In BIA, the number of variables obtained depends on the combination of frequency and measurement site. As the correlation between variables is high, it is challenging to make valid predictions using conventional analysis methods because of issues such as multicollinearity. Consequently, in recent years, an interest in neural networks, a category of machine learning, has increased. Neural networks are algorithms that emulate the human nervous system, enabling the modeling of intricate relationships among numerous variables [25]. A previous study used clinical data to predict sarcopenia in patients undergoing peritoneal dialysis and reported that the accuracy of sarcopenia prediction was higher with models that applied machine learning, such as neural networks and support vector machines, than with models that applied conventional logistic regression analysis [26]. Because the raw data obtained from the BIA are believed to reflect biological information, it is hypothesized that high-precision sarcopenia prediction is possible by modeling these variables using machine learning.

The current study aimed to predict sarcopenia using a maximum of 144 BIA measurements and to develop a more convenient and accurate screening method in order to facilitate early sarcopenia detection in healthy older adults. We propose that developing a screening method based solely on BIA—without the need for additional physical function measurements—will extend the utility of BIA across clinical settings, sports facilities, and municipal programs, thereby enhancing sarcopenia screening efforts.

Materials and methods

Study design and participants

This study was conducted with individuals who participated in the Kasama Study from 02/07/2015 to 10/07/2018 and the original data was accessed on 02/12/2022. The Kasama Study is an open cohort study conducted annually since 2009. Individuals were randomly selected from the basic resident register and invited to participate in the study [27]. Those who participated in exercise classes held in the city were invited to participate in this study. Data from the initial participation in health checkups were processed as cross-sectional data, with a total of 724 individuals participating (S1 Fig). The inclusion criteria were as follows: individuals aged ≥65 years who resided in the area and had not received support or nursing care certification. The exclusion criteria were as follows: (1) individuals aged ≤64 years or ≥86 years (n = 16); (2) those with missing BIA data (n = 15); and (3) those with missing physical performance test data (data set 1: n = 38, data set 2: n = 24).

This study was conducted in accordance with the ethical standards of the Helsinki Declaration and was approved by the Ethics Committee of the University of Tsukuba (Tai 30–5). The participants were provided with written and verbal explanations of the study, and only those who provided consent were included.

Criteria for the diagnosis of sarcopenia

Grip strength was quantified using a grip-strength meter (T.K.K. 5401; Takei Scientific Instruments, Tokyo, Japan). Measurement was performed with the participants in the standing position, with their arms extended along the body. The maximum value of the two measurements on each side was considered the most representative value.

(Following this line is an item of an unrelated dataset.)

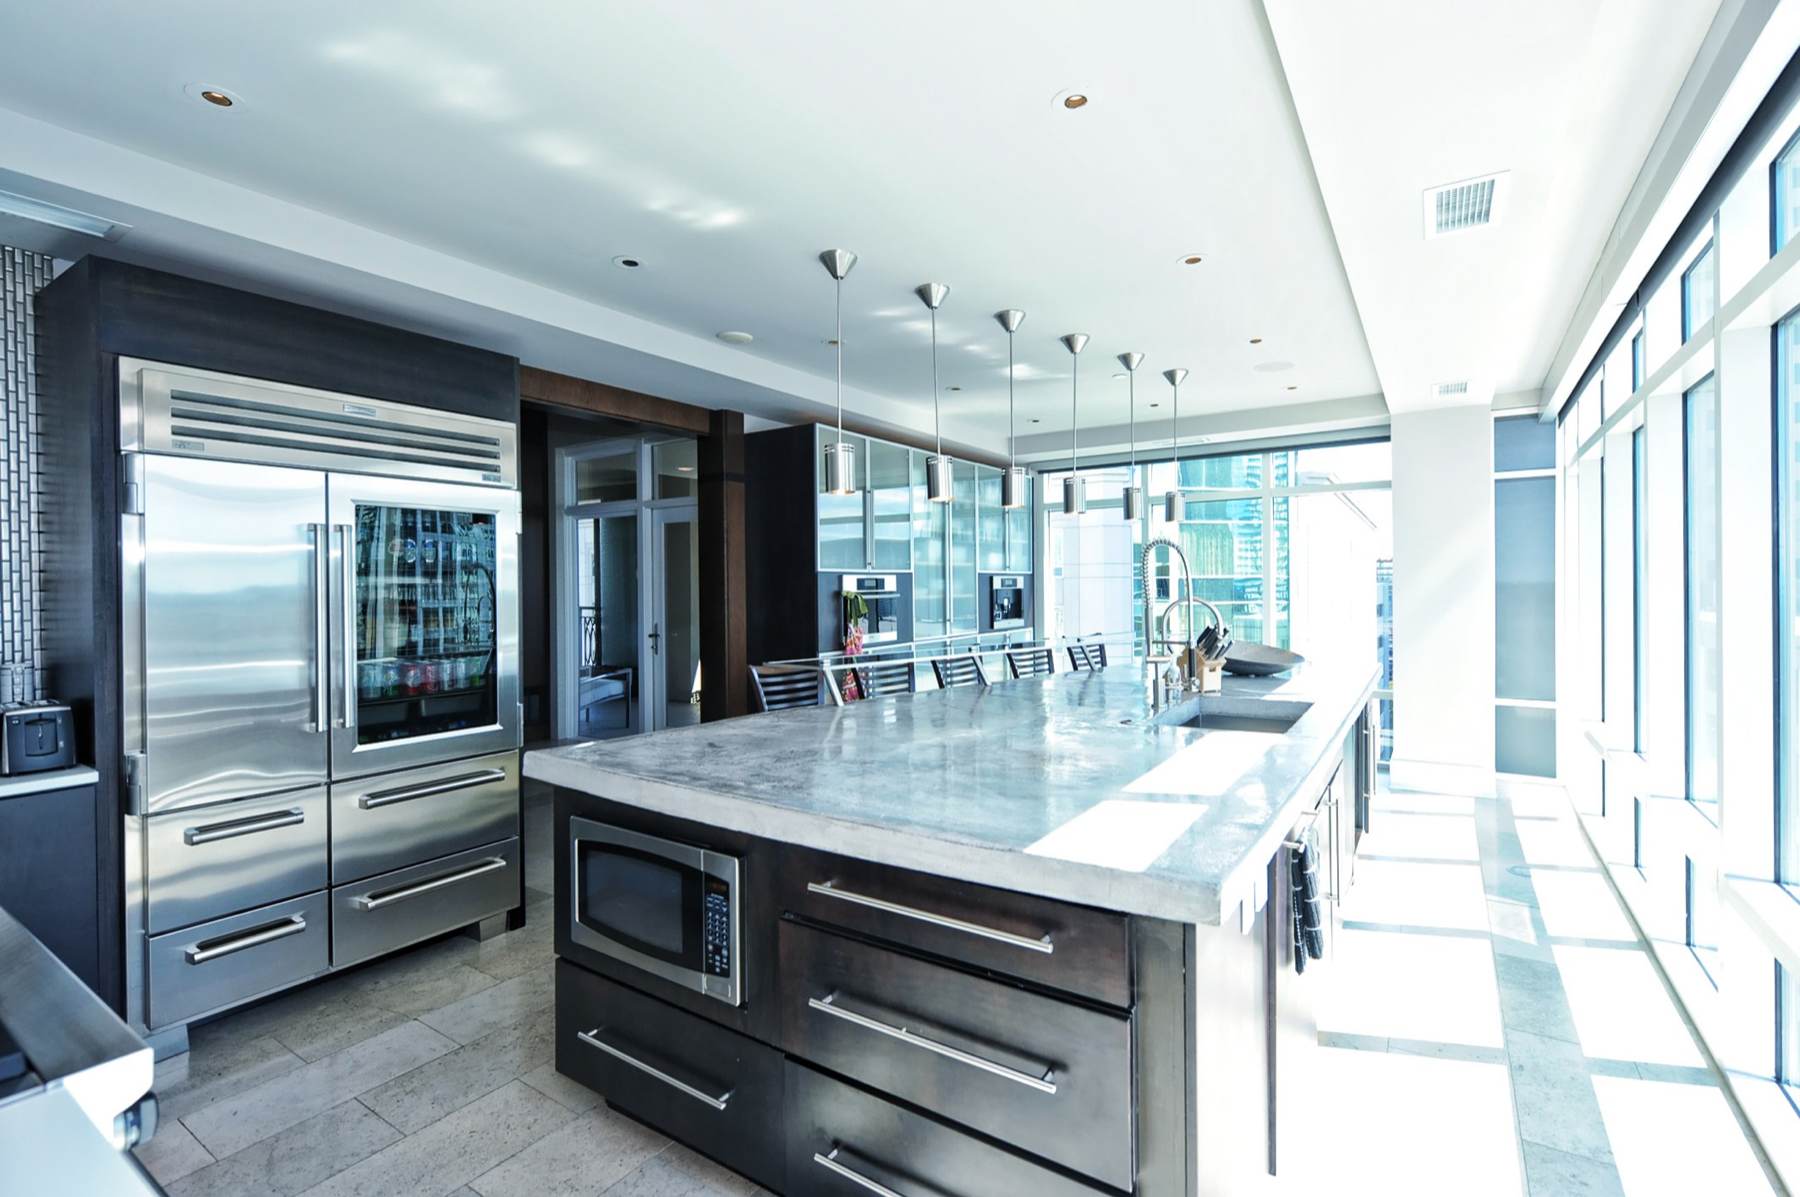 penthouse kitchen and dining room

The five-times sit-to-stand test (STS-5) involved standing up from a seated position, standing upright, and then sitting back down in the chair five times. The participants were instructed to repeat these movements as quickly as possible; the test was performed once as a practice run and twice as the actual test. The lowest value was taken as the representative value.

In regard to the 5-meter normal walking test, as a general rule, a straight course of 11 m was marked out, and the time required to traverse the 3–8 m segment was recorded. The participants were instructed to walk at their usual, comfortable speed. Measurements were conducted twice, and the lowest value was regarded as the representative value. All measurements were conducted by well-trained staff. The AWGS 2019 criteria were applied to obtain the skeletal muscle mass index (SMI) from the BIA for the diagnosis of sarcopenia. The standard values were set at <7.0 kg/m² in men and <5.7 kg/m² in women. Grip strength was less than 28 kg for men and less than 18 kg for women. The 5-time chair-stand test was completed in 12 s or more; walking speed was calculated by the formula for a normal walking speed of 1.0 m/s, which was defined as a decrease in walking speed [1]. This was used to determine whether there was a decrease in SMI or grip strength (Dataset 1), and walking speed was used to determine whether there was a decrease in SMI or grip strength (Dataset 2).

Predictor variables

The basic attributes used as predictor variables were sex, age, height, body mass index (BMI), and BIA parameters. The BIA was conducted using a multi-frequency body composition analyzer (MC-980A, Tanita) [28]. Details on the BIA measurements can be found in our previous study [29]. Although these were not used as predictor variables, information on medical history (heart disease, cerebrovascular disease, kidney disease, and arthralgia)—which may influence BIA measurements—was collected via questionnaire.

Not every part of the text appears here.